Marc Hayes, director of the Community & Economic Development Department in Arlington, where BestWorth Rommel is based, remains optimistic. While he acknowledges that roughly 60 percent of Arlington’s business owners are at or near retirement age, he expects buyers will be interested in Arlington’s boomer-owned aerospace and machining companies, for example.
Where the hit could come, Hayes says, is in businesses such as cabinetry or electrical repair that rely on workers in the skilled trades. Small towns and big cities alike “are in for a rude awakening over the next 10 to 15 years with millennials not going into the trades,” Hayes explains. And, he adds, millennials appear less willing to take over the family business than prior generations.
“If I were a millennial, I’d really be checking out the marketplace because an existing business just makes great business sense,” Hayes says. “All the licensing is in place already and typically they have all the equipment.”
Arlington and nearby Marysville have taken steps to strengthen their positions by applying for state certification as a joint manufacturing industrial center. Arlington also is seeing rapid growth in a new industry: recreational cannabis production. Those new companies could ease the pain of potentially losing some trades-based businesses as boomers retire.

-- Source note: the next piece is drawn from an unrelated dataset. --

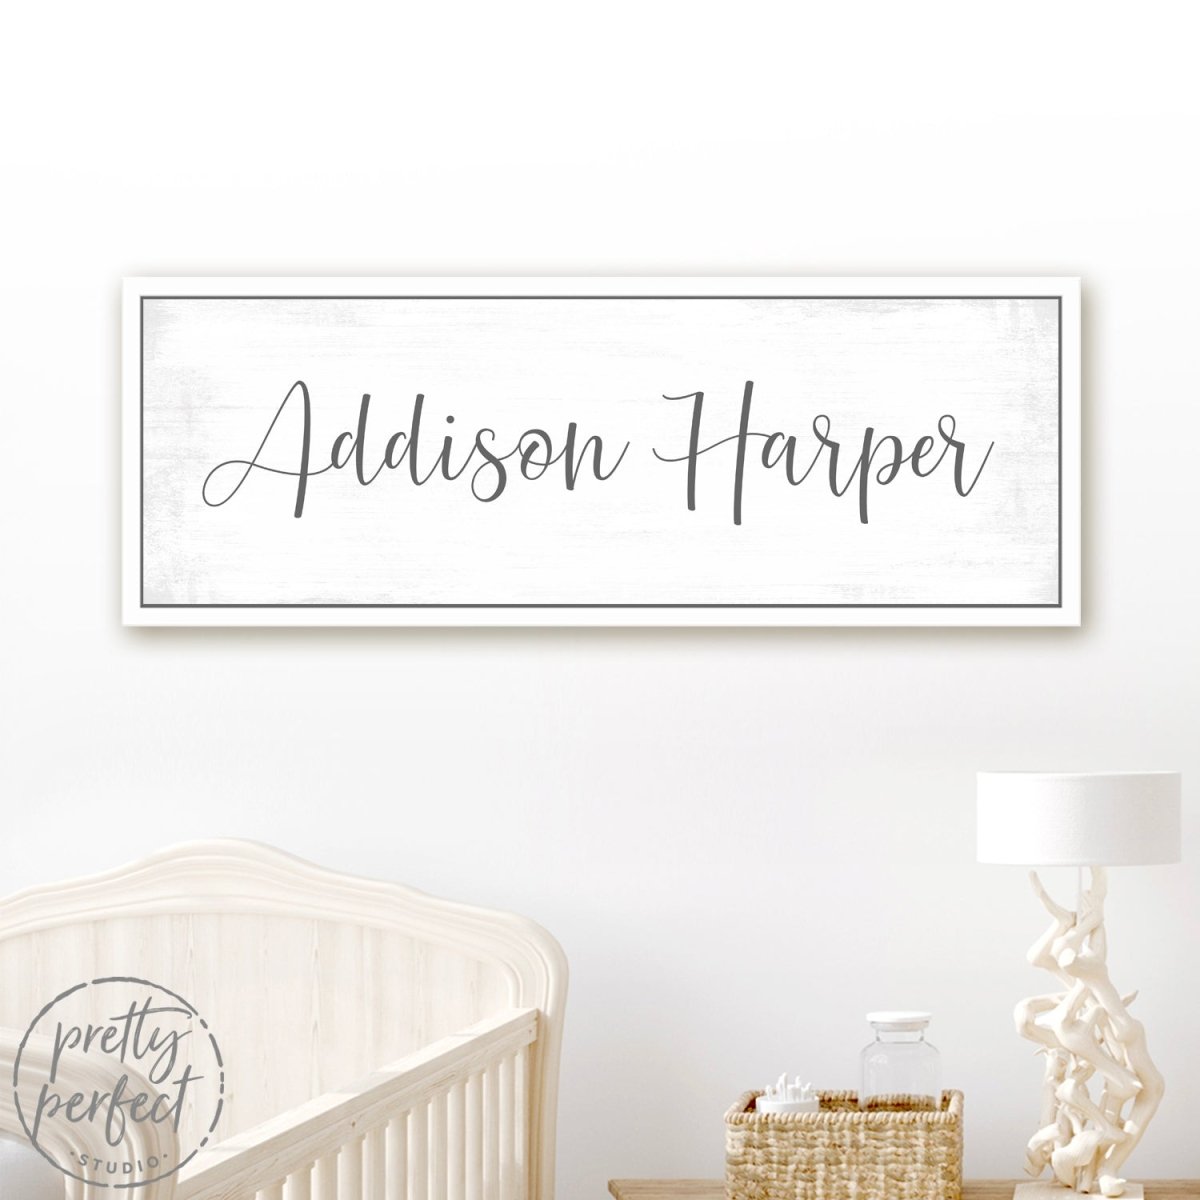 Baby Girl's Personalized Name Canvas Wall Art for the Nursery Room Above Crib - Pretty Perfect Studio

But towns like Arlington are outliers. Most small, rural communities in Washington do not have the benefit of proximity to a major employer such as Boeing or access to a new growing industry like cannabis. They could be hard-pressed to retain their local businesses as boomers retire and may need to find companies like OneAccord willing to work with their local businesses to assure smooth transitions in ownership.
As for Charlie LaNasa? Under new management, his former employees at BestWorth Rommel are all still working and the company is in growth mode, and that makes him happy.
But he’s still adjusting to retirement. “The [past] year has allowed me to go through BestWorth withdrawal,” says LaNasa. He’s cut back to working three days a week, but still arrives at 5:30 a.m. to make a pot of coffee and take it out to the employees on the factory floor.
Letting go wasn’t easy. The new owner changed the company logo and altered its color from blue to green. “Did it matter? No,” says LaNasa. “Does it bother me? Yes.”
“But it’s not your company anymore,” he adds. “You can’t hold the dove too tightly. It’s got to fly away.”
Selling a business? Here’s some advice.
The more organized and prepared you are to transition your company to new ownership, the greater the likelihood you will be able to find a buyer.
– Buyers will avoid a company that is too dependent on its owner or on a small group of customers. Put processes in place to reduce that dependence.
– Prepare for new ownership. Your child “might have the DNA to be a successor but not the MBA needed to be a successor,” says David Odom of B2B CFO.
– Look for advisers to help structure the sale so you get what you want from the deal.
– Avoid making a large capital investment right before selling your company because “the business has incurred the cost of expansion but has not seen the benefit yet and they might not get credit for it,” says Berntson Porter’s Pitt Means. “That can be a sticking point in the negotiation.”
– Avoid changes in the business model or management team in advance of a sale. Buyers want to feel comfortable in the continuity of the business so changes might call that continuity into question. And that, Means says, “may force a pushback to demonstrate those decisions are working.”
– Don’t expect to put up your feet and relax as soon as you’ve sold your business. Many buyers will want you to stick around for a year or two to help with the transition.
– Build a team of advisers to help you prepare several years before you plan to retire. That allows time to strengthen your management so you can get a good price and your firm will thrive after you retire. Even if you later change your mind, the exercise of preparing for a sale will help you to improve your business so you will get more when you finally do sell.